The use of ultrasonic energy to enhance the cleaning action of solutions used to clean semiconductor wafer surfaces is well known. Such ultrasonic agitation provided by the ultrasonic energy typically is provided by using transducers operating at intermediate frequencies. i.e., 20-50 KHz. With the use of ultrasonic energy, bubbles are formed in the cleaning solution in which the wafers are immersed and the bubbles collapse under the pressure of the ultrasonic agitation. This produces shock waves which impinge on the wafer surfaces. The bubble collapsing is known as cavitation. The shock waves dislodge and displace particles to be carried away in the cleaning solution.
Further, the use of high frequency, or megasonic frequencies, for example, in the range of 0.2-5.0 MHz, is also well-known. The use of such high frequencies has also resulted in improved cleaning, particularly on substrates or wafers with very small, micron size elements disposed thereon. Further, use of such high frequencies provides a gentler cleaning action on the wafers and/or substrates than is attainable with an intermediate frequency. Therefore, such gentler cleaning action results in less damage during cleaning operations.
Use of megasonic energy is more efficient than ultrasonic cleaning for submicrometer particle removal because it functions via a different mechanism than ultrasonic cavitation. Because megasonic energy occurs at higher frequencies than ultrasonic energy, the pressure wave that forms generates a pulse so rapidly that the vacuum bubbles do not have time to form as in the use of ultrasonic energy. Consequently, megasonic energy consists of a series of pressure waves. When applied parallel to a surface, these waves dislodge particles. Usually this occurs by allowing a thin film of the cleaning solution, such as deionized water, to form between the particle and the surface being cleaned, thereby reducing the attraction between the surface and the particle to facilitate removal of the particle.
One illustration of a current method utilized for cleaning wafer surfaces, such as after a planarization process is performed, includes the immersion of the wafers in deionized water while megasonic energy is projected therethrough. During the cleaning of the wafers, the tank in which the liquid is held, is dumped and refilled one or more times. This dumping and refilling appears to draw in air and create an air/liquid interface across the surface of the wafer which appears to enhance the megasonic cleaning method. However, dumping and refilling the megasonic bath consumes a large amount of the deionized water and/or whatever chemicals might be alternatively utilized as the liquid for performing the cleaning of the wafer. Further, performing such dumping and refilling operations is also an inefficient use of time.

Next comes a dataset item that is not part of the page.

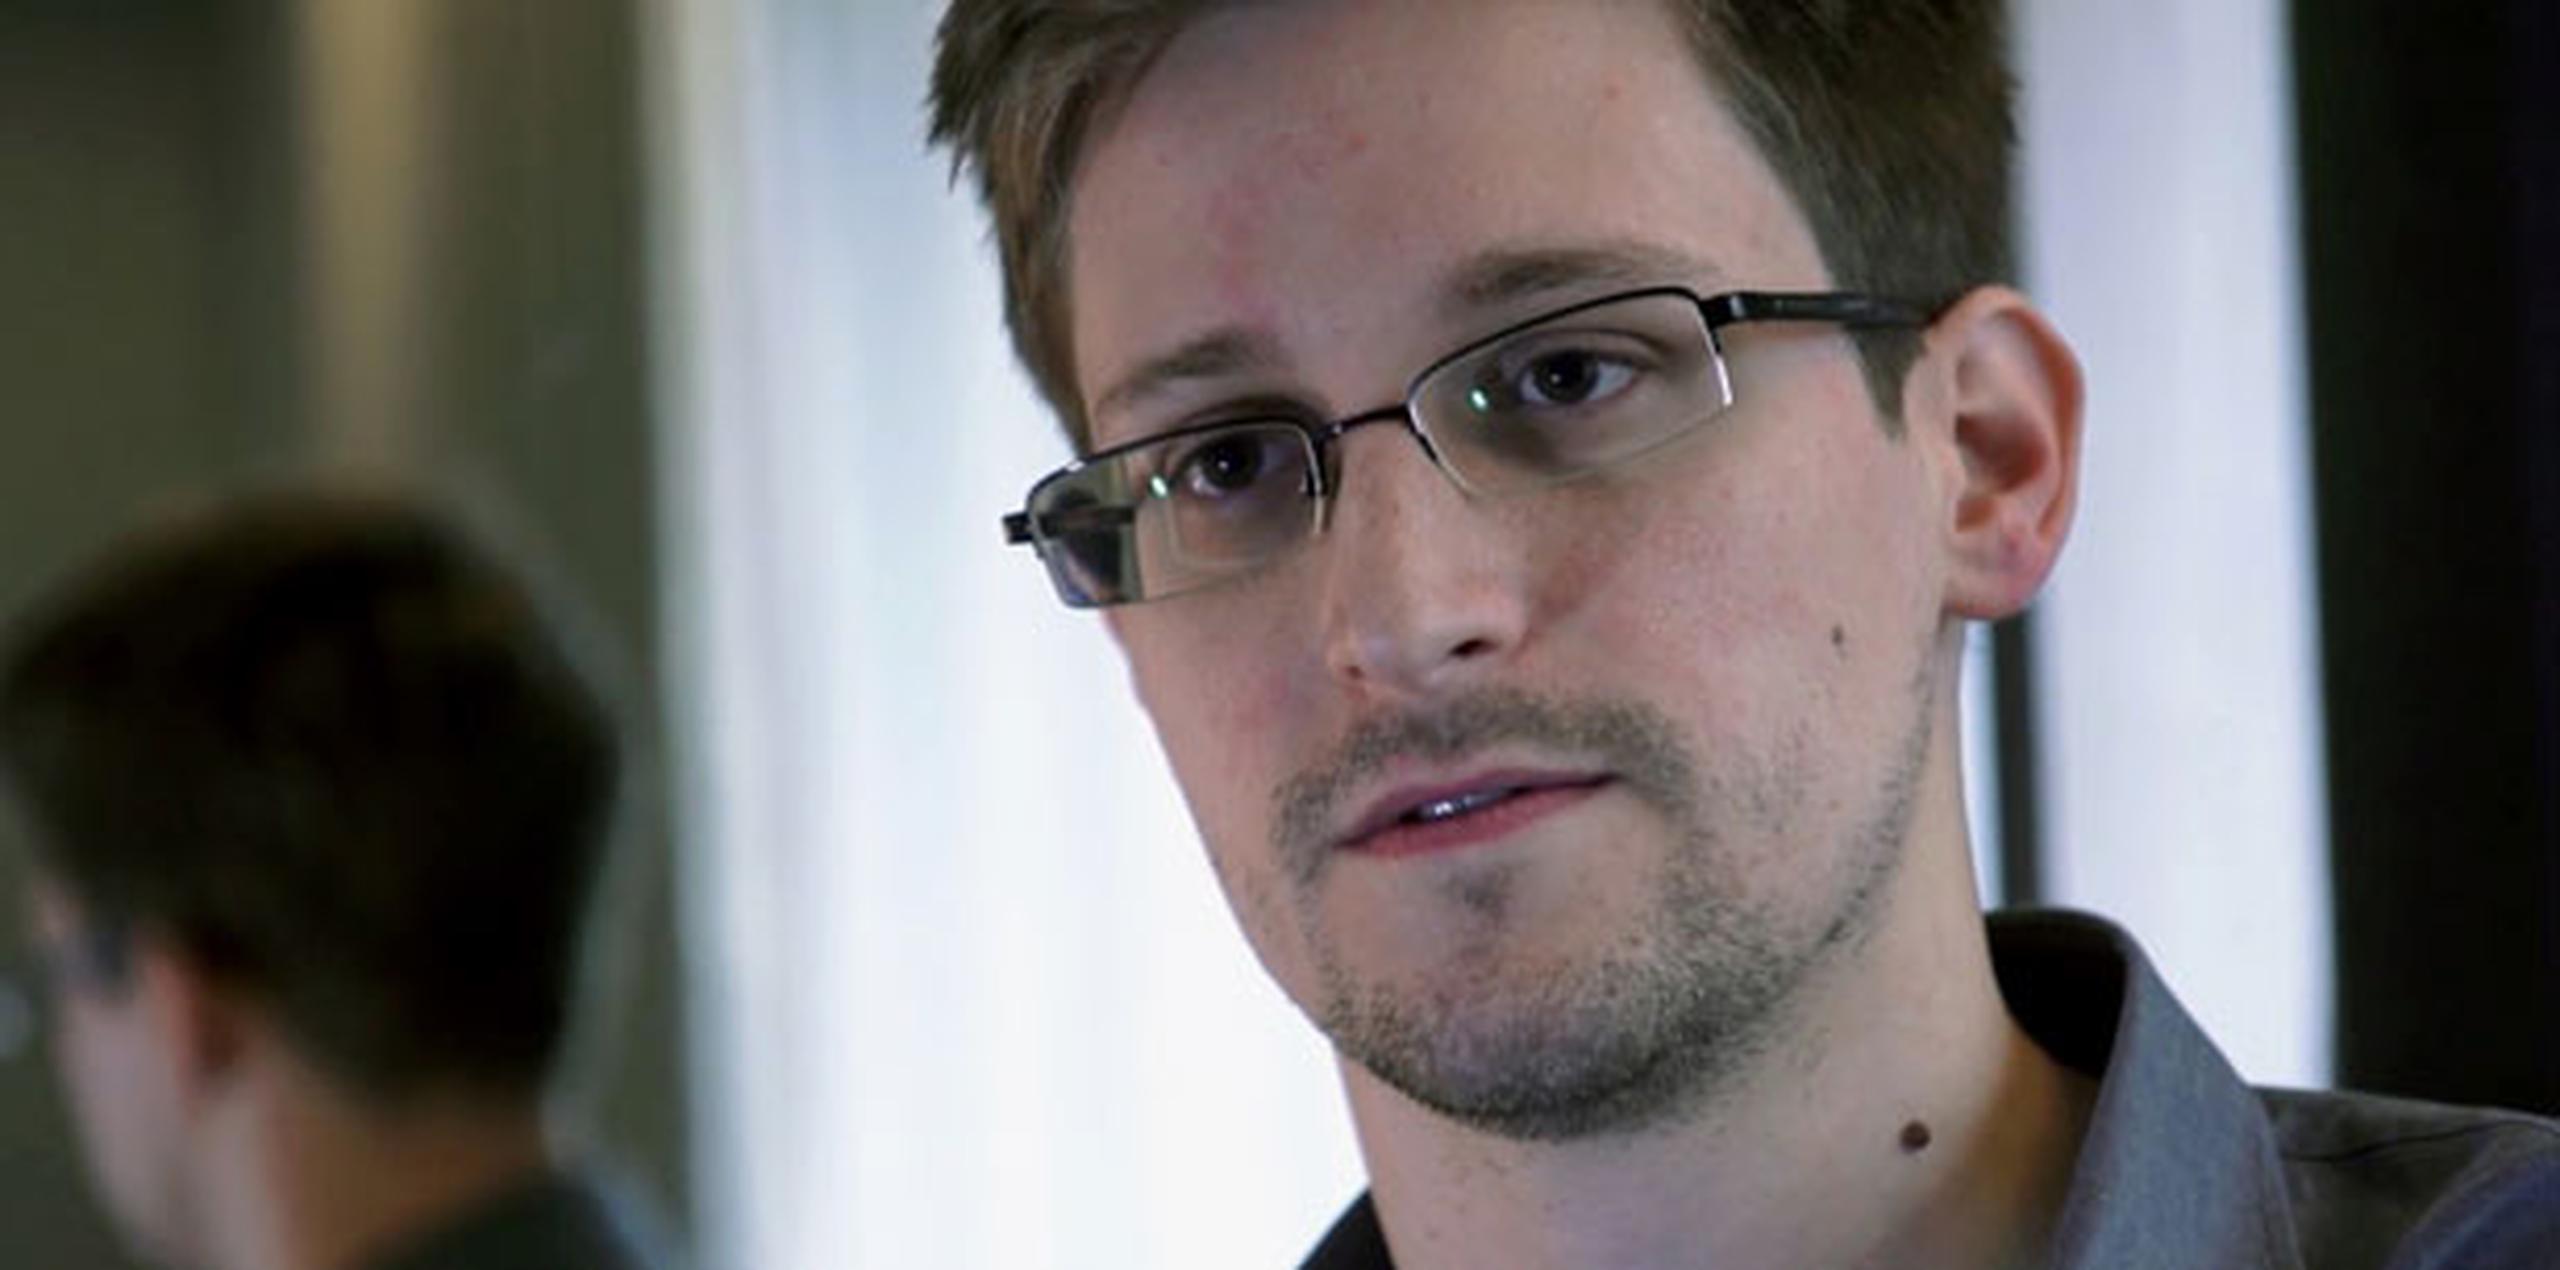 Ésta ha sido la primera vez desde la llegada de Snowden a Sheremétievo que las autoridades rusas admitían la posibilidad de que el reclamado por la Justicia estadounidense pudiese permanecer en Rusia. (Archivo)
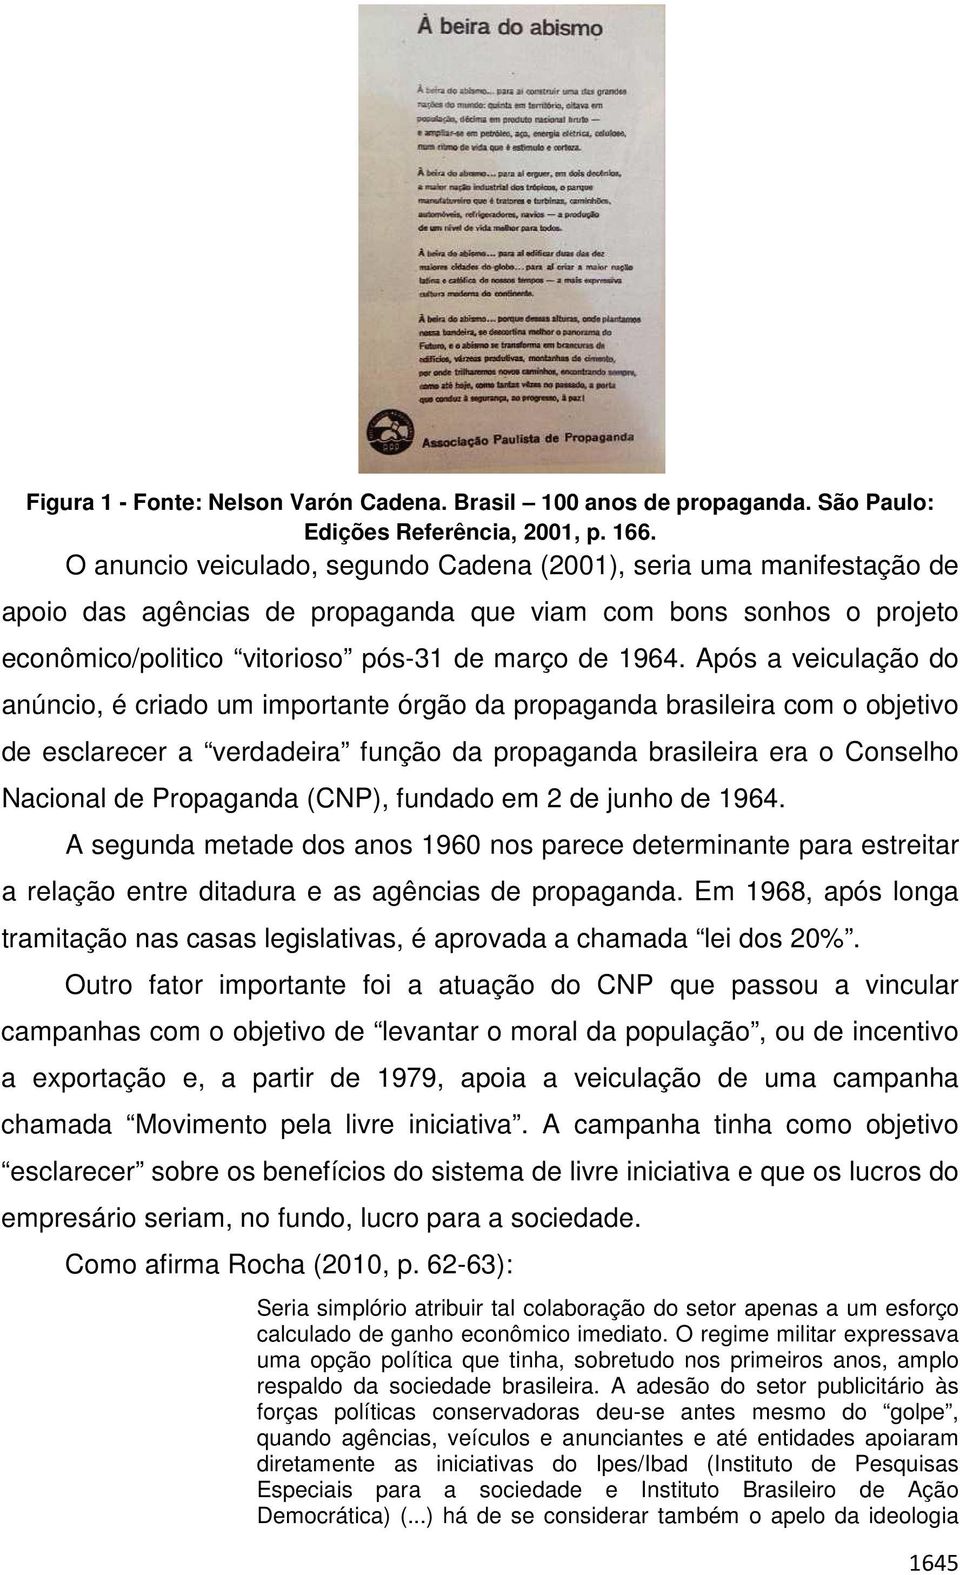 Após a veiculação do anúncio, é criado um importante órgão da propaganda brasileira com o objetivo de esclarecer a verdadeira função da propaganda brasileira era o Conselho Nacional de Propaganda

Also, in performing cleaning operations, it is in some circumstances, desirable to control the pH of the liquid held by the cleaning tank in which the wafers are immersed. For example, after a highly acidic or basic clean has been performed, a deionized water clean is then typically used before proceeding with any further process steps. However, it may not be desirable to perform a neutral deionized water clean immediately following a highly acidic or basic clean. Rather, it may be more desirable to use an acidic or basic deionized water bath.
Accordingly, there is need in the art for alternative megasonic cleaning methods which overcome the disadvantages as described above. The present invention overcomes these problems and overcomes other problems as will become apparent to one skilled in the art from the description below.